According to the documentation twitter publishes, it seems that the response is not a valid json. Therefore you cannot convert it automagically. As I see it you have 2 options, which you are not going to like. In both options you have to do string manipulations.

The first option, which I like less, is actually building the json:

print(s"""{ \n\t"${res.body.replace("=", "\": \"").replace("&", "\"\n\t\"")}" \n}""")

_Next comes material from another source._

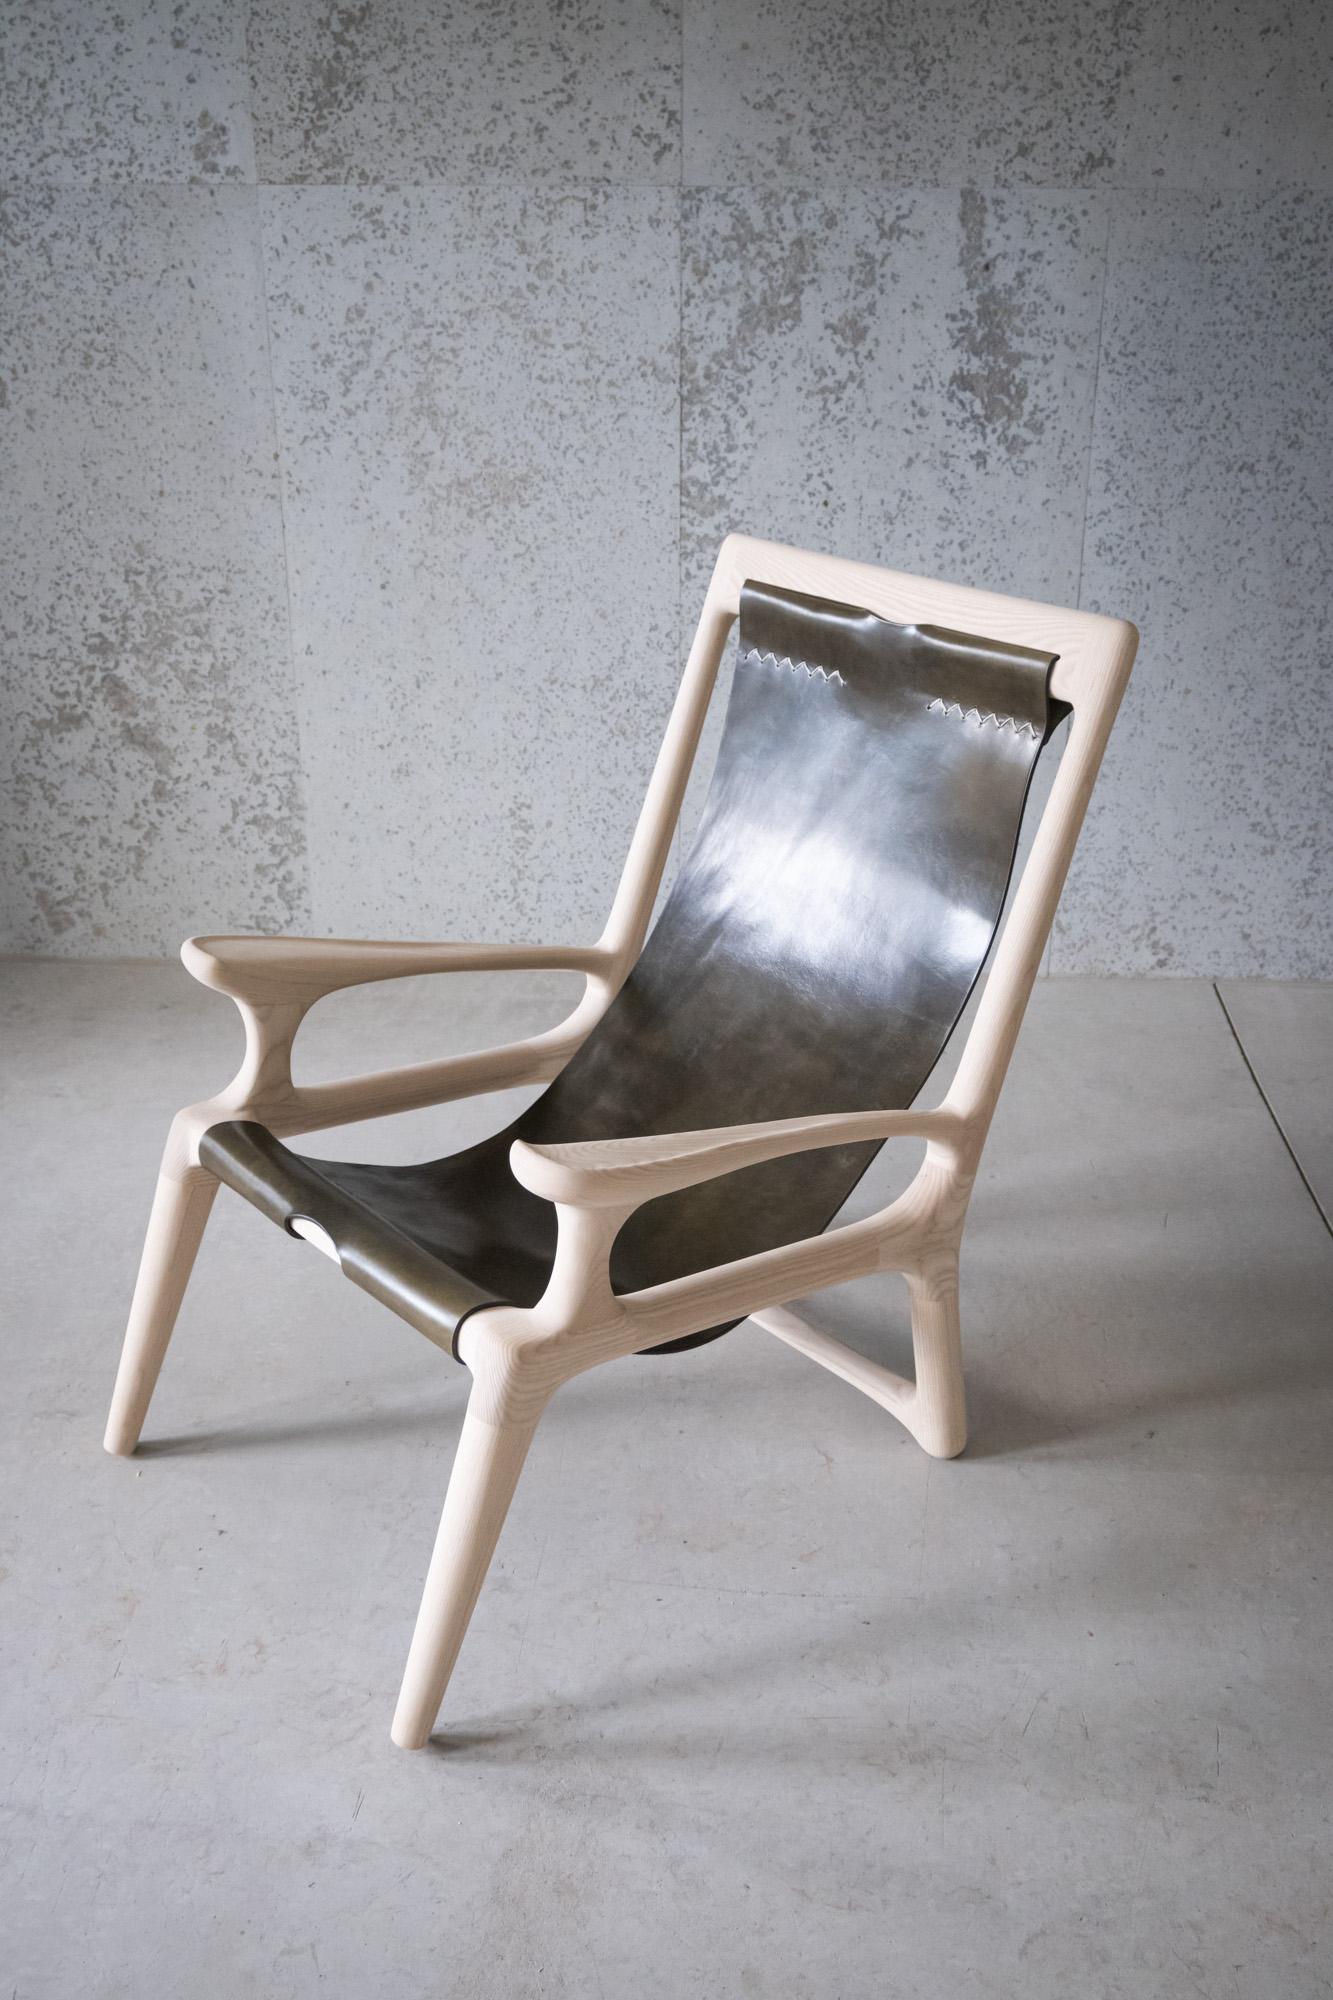 Dieser Stuhl ist genau wie unser Classic Sling Stuhl, mit einer Ausnahme: Die Armlehnen sind mit den Rückenlehnen verbunden. Dieses Angebot umfasst einen Stuhl.

Dieser preisgekrönte Sling-Stuhl aus Leder und Holz ist das erste Stück, das Fernweh

The second option, is to extract the variables into a case class, and let play-json build the json string for you:

case class TwitterAuthToken(oauth_token: String, oauth_token_secret: String, user_id: Long, screen_name: String)
object TwitterAuthToken {
  implicit val format: OFormat[TwitterAuthToken] = Json.format[TwitterAuthToken]
}
 
val splitResponse = res.body.split('&').map(_.split('=')).map(pair => (pair(0), pair(1))).toMap
val twitterAuthToken = TwitterAuthToken(
  oauth_token = splitResponse("oauth_token"),
  oauth_token_secret = splitResponse("oauth_token_secret"),
  user_id = splitResponse("user_id").toLong,
  screen_name = splitResponse("screen_name")
)

print(Json.toJsObject(twitterAuthToken))

I'll note that Json.toJsObject(twitterAuthToken) returns JsObject, which you can serialize, and deserialize.

I am not familiar with any option to modify the delimiters of the json being parsed by play-json. Given an existing json you can manipulate the paths from the json into the case class. But that is not what you are seeking for.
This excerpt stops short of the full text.